Recent clinical studies have demonstrated changes in the gut microbiota not only in gastrointestinal (GI) conditions such as inflammatory bowel disease (IBD) and irritable bowel syndrome (IBS), but also in rheumatoid arthritis, autism and depression, and various other conditions. These wide-reaching associations have inspired novel therapeutic approaches to address the microbiome’s role in health. Perhaps most notable of these microbiome-based therapies is the fecal microbiota transplant (FMT), which aims to replace a patient’s disease-associated “dysbiotic” microbiota with a healthy microbiota. In doing so, the treatment ideally mitigates direct and indirect microbial contributions to the pathology at hand. Though there are still substantial challenges concerning FMT, successful adoption of this technique has the potential to revolutionize our approach to a myriad of diseases.
As it stands, FMT treatment has not been approved for any specific indications through the FDA’s Investigational New Drug application pipeline. However, studies have shown that FMT can cure up to 90 percent of patients with recurrent Clostridioides difficile infections (CDI). With widespread acknowledgment of the treatment’s efficacy in refractory cases, in 2016 the FDA approved the use of FMT to treat CDI under conditions that ensure patient safety and consent. CDI is characterized by an overabundance of an opportunistic pathogen in the colon along with known changes in other bacterial families, making it an ideal candidate for FMT treatment. However, FMT efficacy in conditions with less consistent changes in the gut microbiota remains an active area of investigation.

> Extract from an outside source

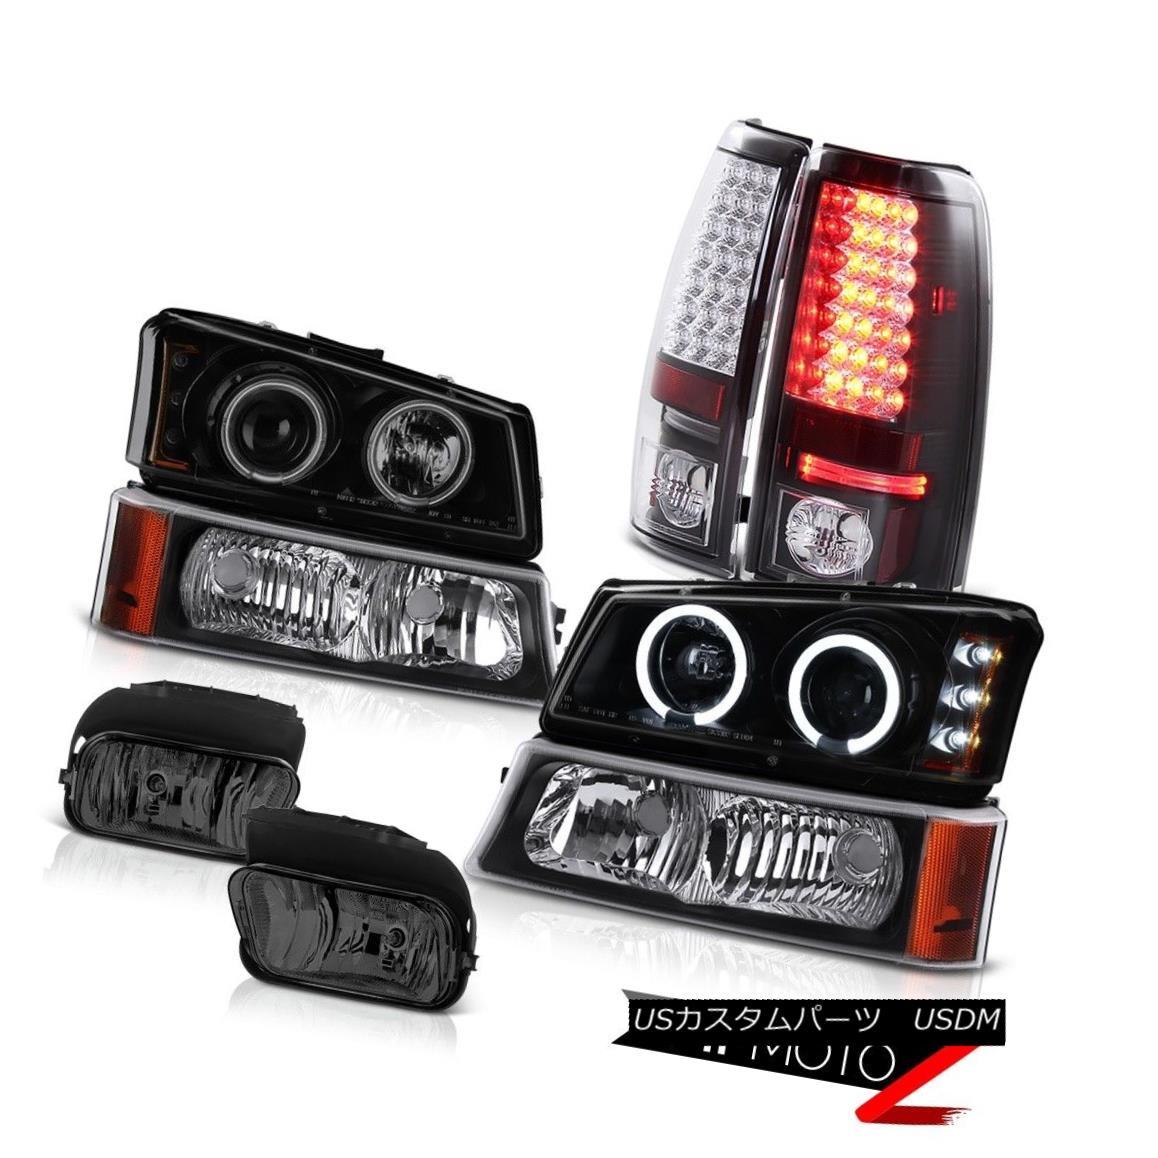 テールライト 03-06 Silverado Black Smoke CCFL Headlights Bumper Tail Lamps Driving Foglights 03-06 Silverado Black Smoke CCFLヘッドライトバンパーテールランプ

Broader applications to gut health
In recent years, dramatic increases in intestinal conditions including IBD and IBS have been reported. Though patients present with various forms of these conditions, investigators frequently observe reduced diversity of the patient’s gut microbiota. If reduced microbial diversity indeed contributes to common GI symptoms of IBD and IBS, then FMT treatment could offer relief for GI patients by replenishing their microbial populations.

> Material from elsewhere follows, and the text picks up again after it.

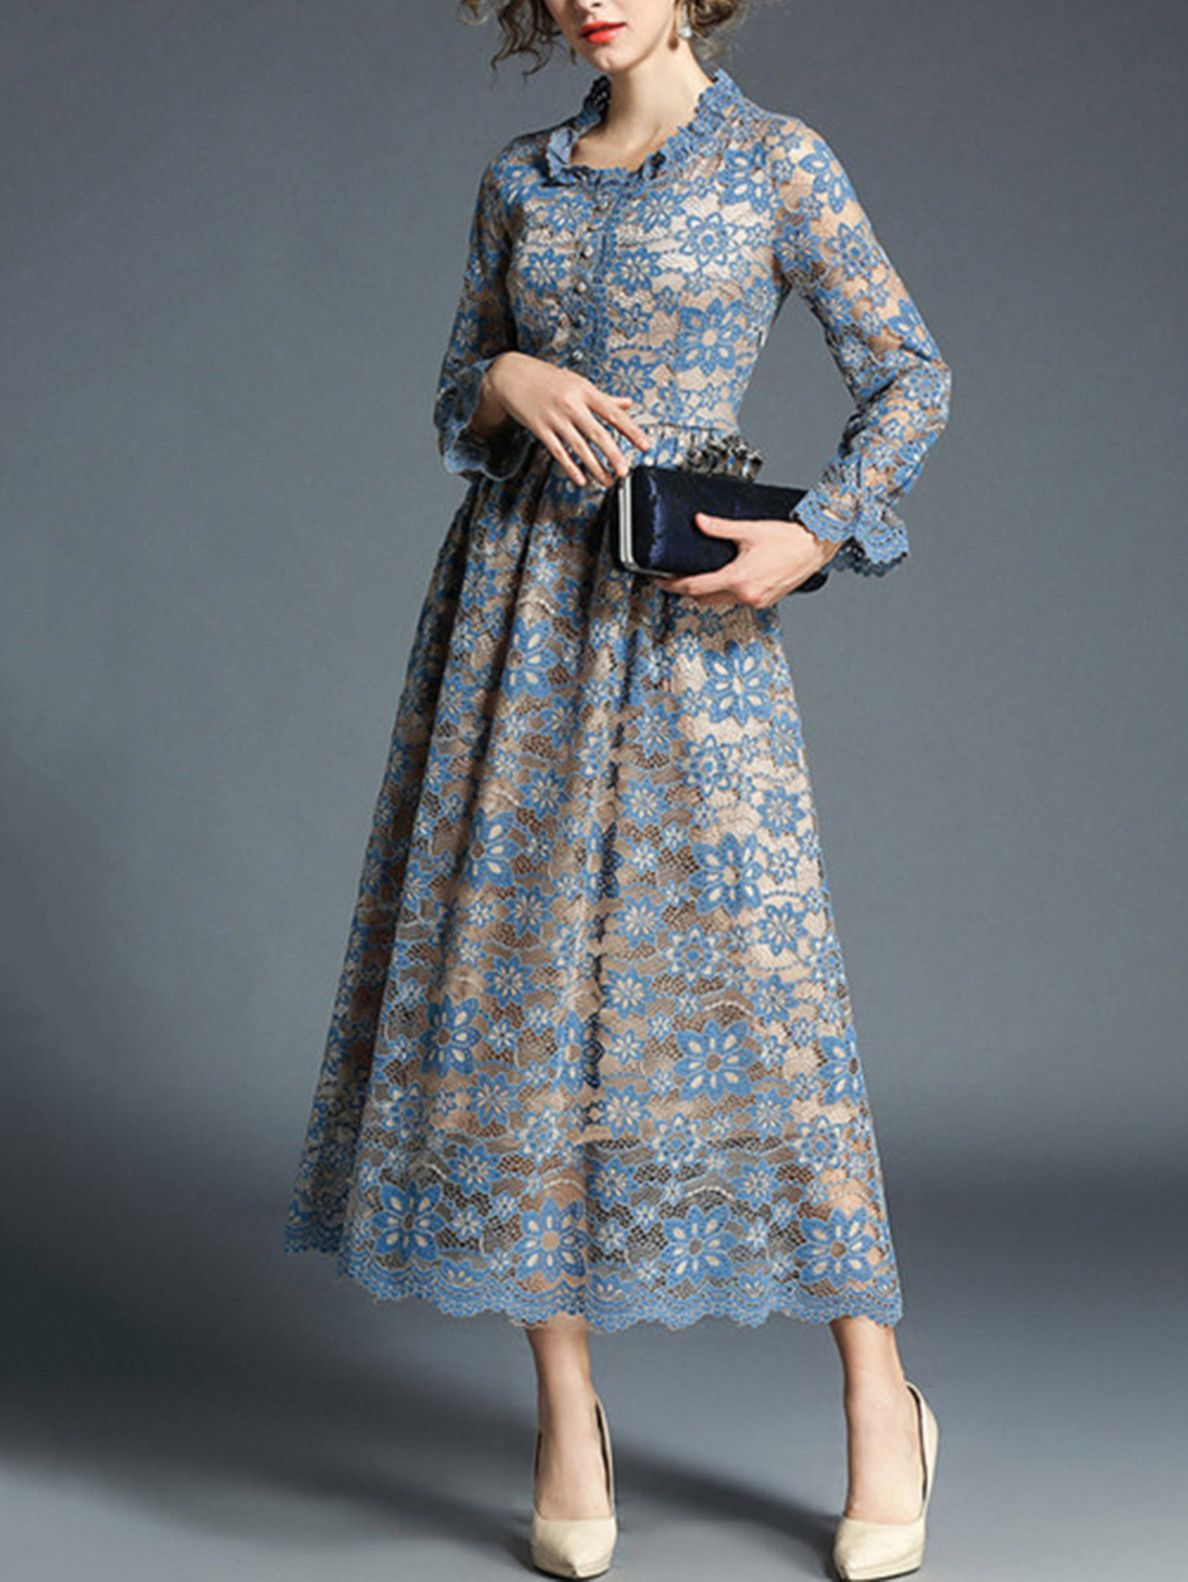 c2d8d9e7ee Scallop Trim Button Front Lace Dress -SheIn(Sheinside)

Data from two recent clinical trials assessing FMT efficacy in IBD patients with ulcerative colitis showed sustained clinical responses in 51 percent of patients at three months post-FMT. Additionally, in 2019 the first placebo-controlled clinical trial in IBS patients led by Dr. Magdy El-Salhy at Stord Hospital in Norway concluded that FMT treatment reduced symptoms in up to 89 percent of patients. With early evidence of success, clinical investigators will continue to refine FMT delivery methods and protocols, and further assess wider applications for FMT.
Looking beyond the gut
A swath of emerging data has now linked the gut microbiota to diseases that manifest outside of the GI tract. Autoimmune diseases such as rheumatoid arthritis have complex genetic and environmental influences that include distinct abnormalities of the gut microbiota, and preclinical studies in mice suggest that specific bacterial species can trigger arthritis. Led by Dr. Xuan Zhang of Peking Union Medical College Hospital in Beijing, recruitment is under way for a placebo-controlled Phase 2 clinical trial examining FMT efficacy in rheumatoid arthritis. Successful FMT treatment could signal a new therapeutic approach for a number of different autoimmune disorders.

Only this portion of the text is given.